Framework migration. Team migrating to a new stack — Next.js, Bun, a new ORM, a fresh CI. Often 60-120 days before a Series A. The engineering equivalent of cleaning your apartment before parents visit.

The classification matters because the same numeric "accelerating" label can mean very different things. A hiring burst is a sourcing signal — go talk to the founder now, before the round closes. A framework migration is a watch signal — set a 60-day alarm and see if a round materializes.

Where the signal fails

Honesty pass: it's bad for AI-pure startups. They commit constantly regardless of stage. Signal-to-noise is poor. I exclude AI-only orgs from the strongest classification tier and weight contributor and repo signals more heavily for them.

It's also useless for stealth startups. If the company doesn't open-source anything, GitHub gives me nothing. About 18% of the orgs I'd seeded turned out to fit this profile and got dropped from the watchlist after the first month.

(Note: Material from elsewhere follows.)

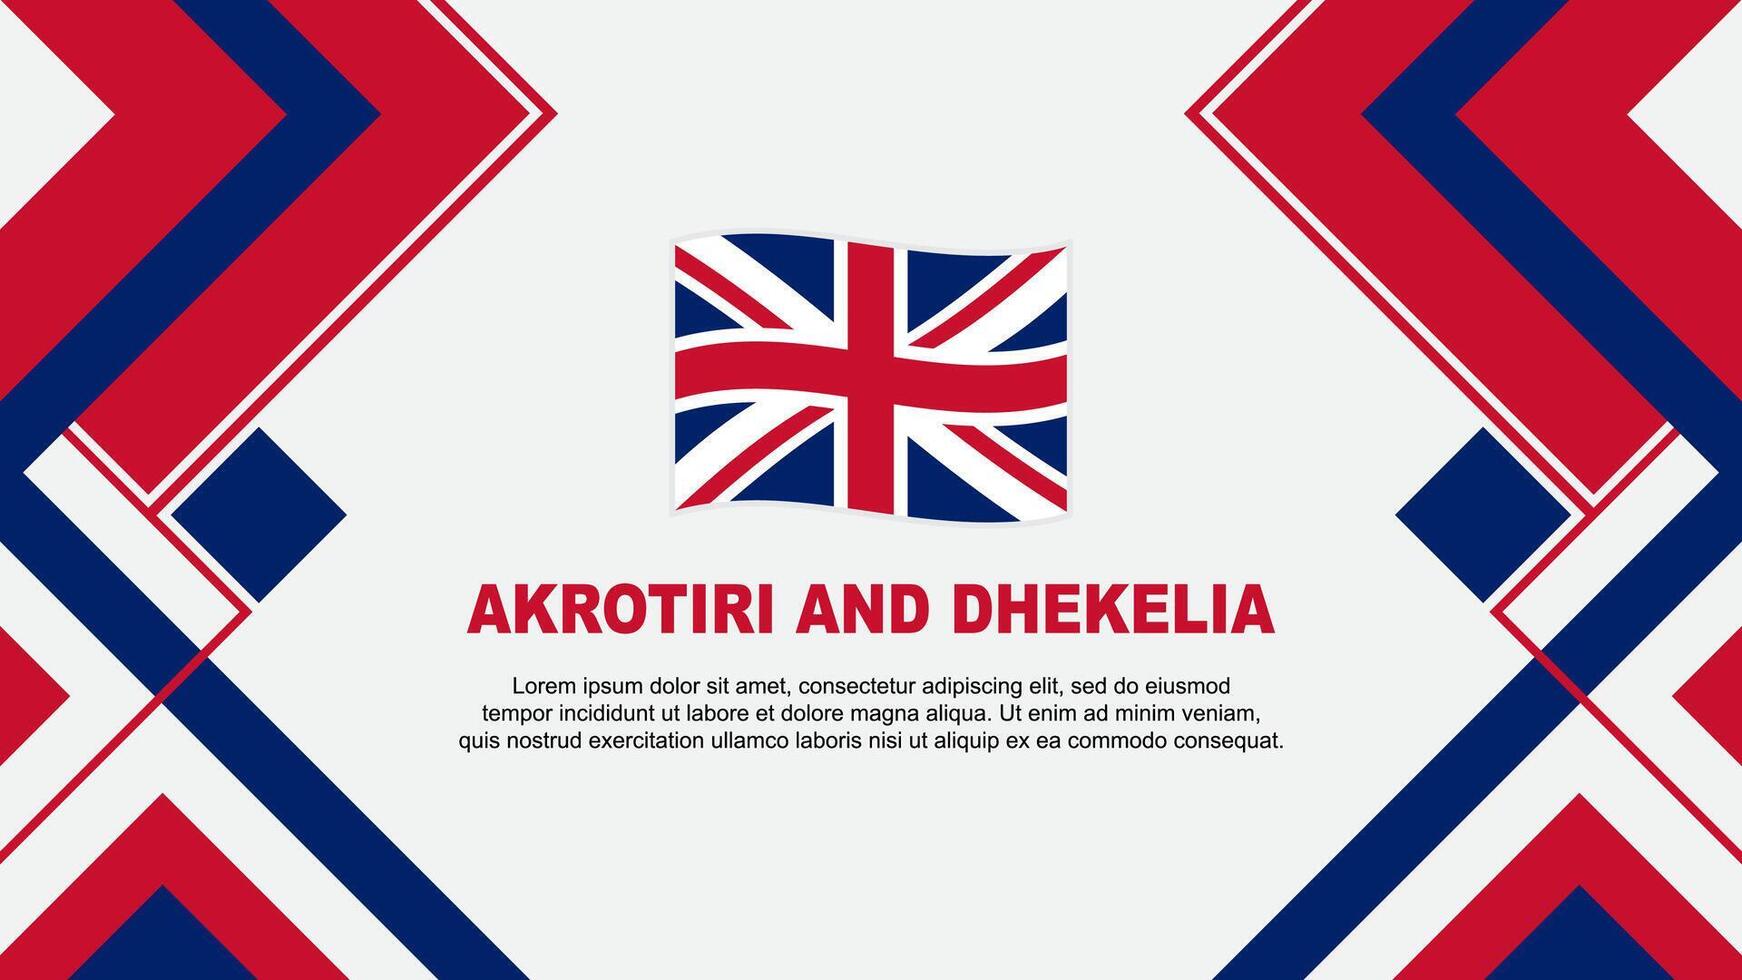 Akrotiri And Dhekelia Flag Abstract Background Design Template. Akrotiri And Dhekelia Independence Day Banner Wallpaper Vector Illustration. Banner

And the signal is not investment advice. It tells you who to talk to. It does not tell you who to wire money to. A founder conversation, product evaluation, market analysis, and competitive teardown all still have to happen. Engineering velocity is a sourcing signal, not a thesis.

The part I got wrong

For the first three months I weighted commit count more heavily than commit velocity change. I assumed high-volume orgs were higher-quality leads. They weren't. They were just bigger. The orgs that ended up raising weren't the loudest in absolute terms — they were the ones whose own quiet baseline suddenly broke. Once I switched to per-org z-scores, the noise dropped and the small-team signals rose to the top.

The other thing I got wrong was treating star count as a proxy for anything. Vanity. A 30,000-star repo means it had a viral moment. Sometimes that moment was three years ago and the team has shipped nothing since. Star count is now in my dataset only because removing fields is harder than ignoring them.

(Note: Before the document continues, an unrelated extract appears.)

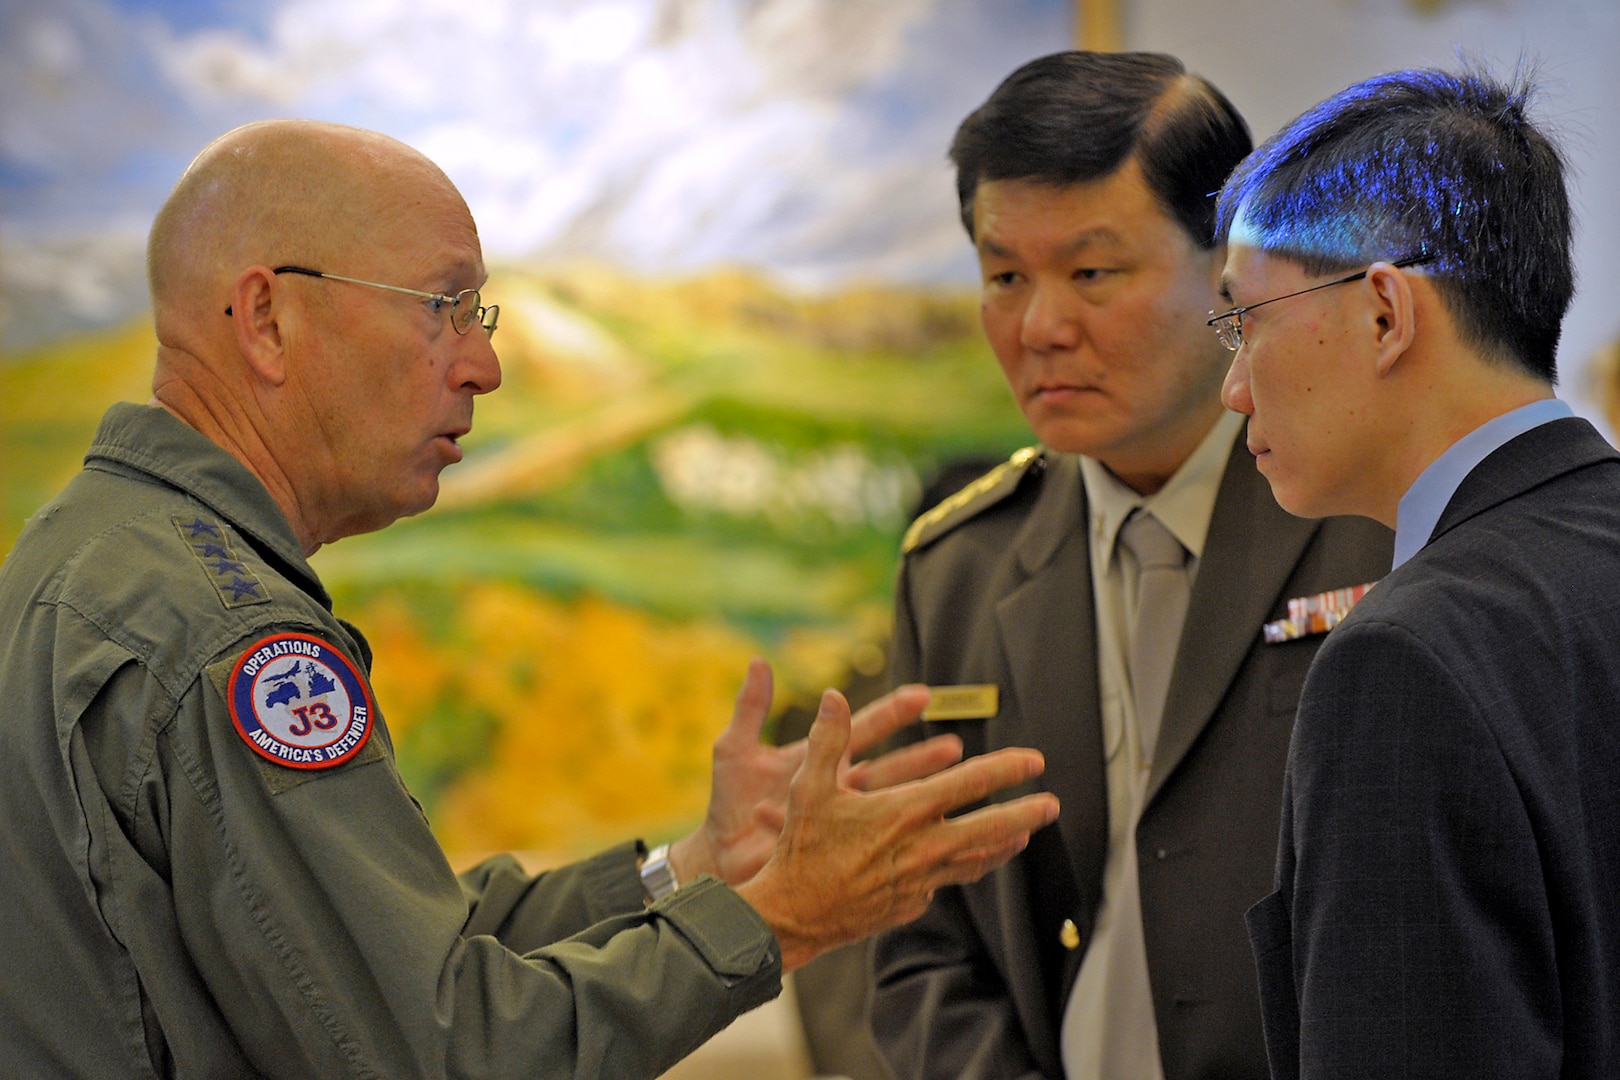 Gen. Gene Renuart, commander of North American Aerospace Defense Command and U.S. Northern Command, talks with military and civilian representatives from Singapore at NORAD’s and USNORTHCOM’s Homeland Defense and Civil Support Perspectives Forum in Colorado Springs, Colo., Oct. 31, 2008. About 60 officials from Australia, Canada, Mexico, Norway, Singapore, the United Kingdom and the United States met to discuss methods of and ways to improve Homeland Defense and Civil Support processes. Photo by Sgt. 1st Class Gail Braymen

What I do with this every week

Sunday night the materialized view refreshes. Monday morning I run a single query that surfaces orgs with two or more accelerating signals. The output is usually 10-30 candidates. I open each one, skim the last week of commits to make sure it's real product work and not version bumps, and write a one-line note per company. The notes go in a doc that's been growing since November. I publish the strongest ones to a public watchlist and let people verify the predictions themselves.

That last part is the unfair part. If the signal is real, the only way to prove it is to publish dated predictions and let them age. Six months of public dated predictions is what built my confidence in the methodology more than any backtest. The backtest tells you what would have worked. The public watchlist tells you what did.

The crawler still runs hourly. Postgres is still the only database. The Sunday refresh still takes 90 seconds. None of it is fancy. The interesting work was figuring out which two of five signals had to overlap before I'd trust any of them — and that's not infrastructure, it's pattern discipline.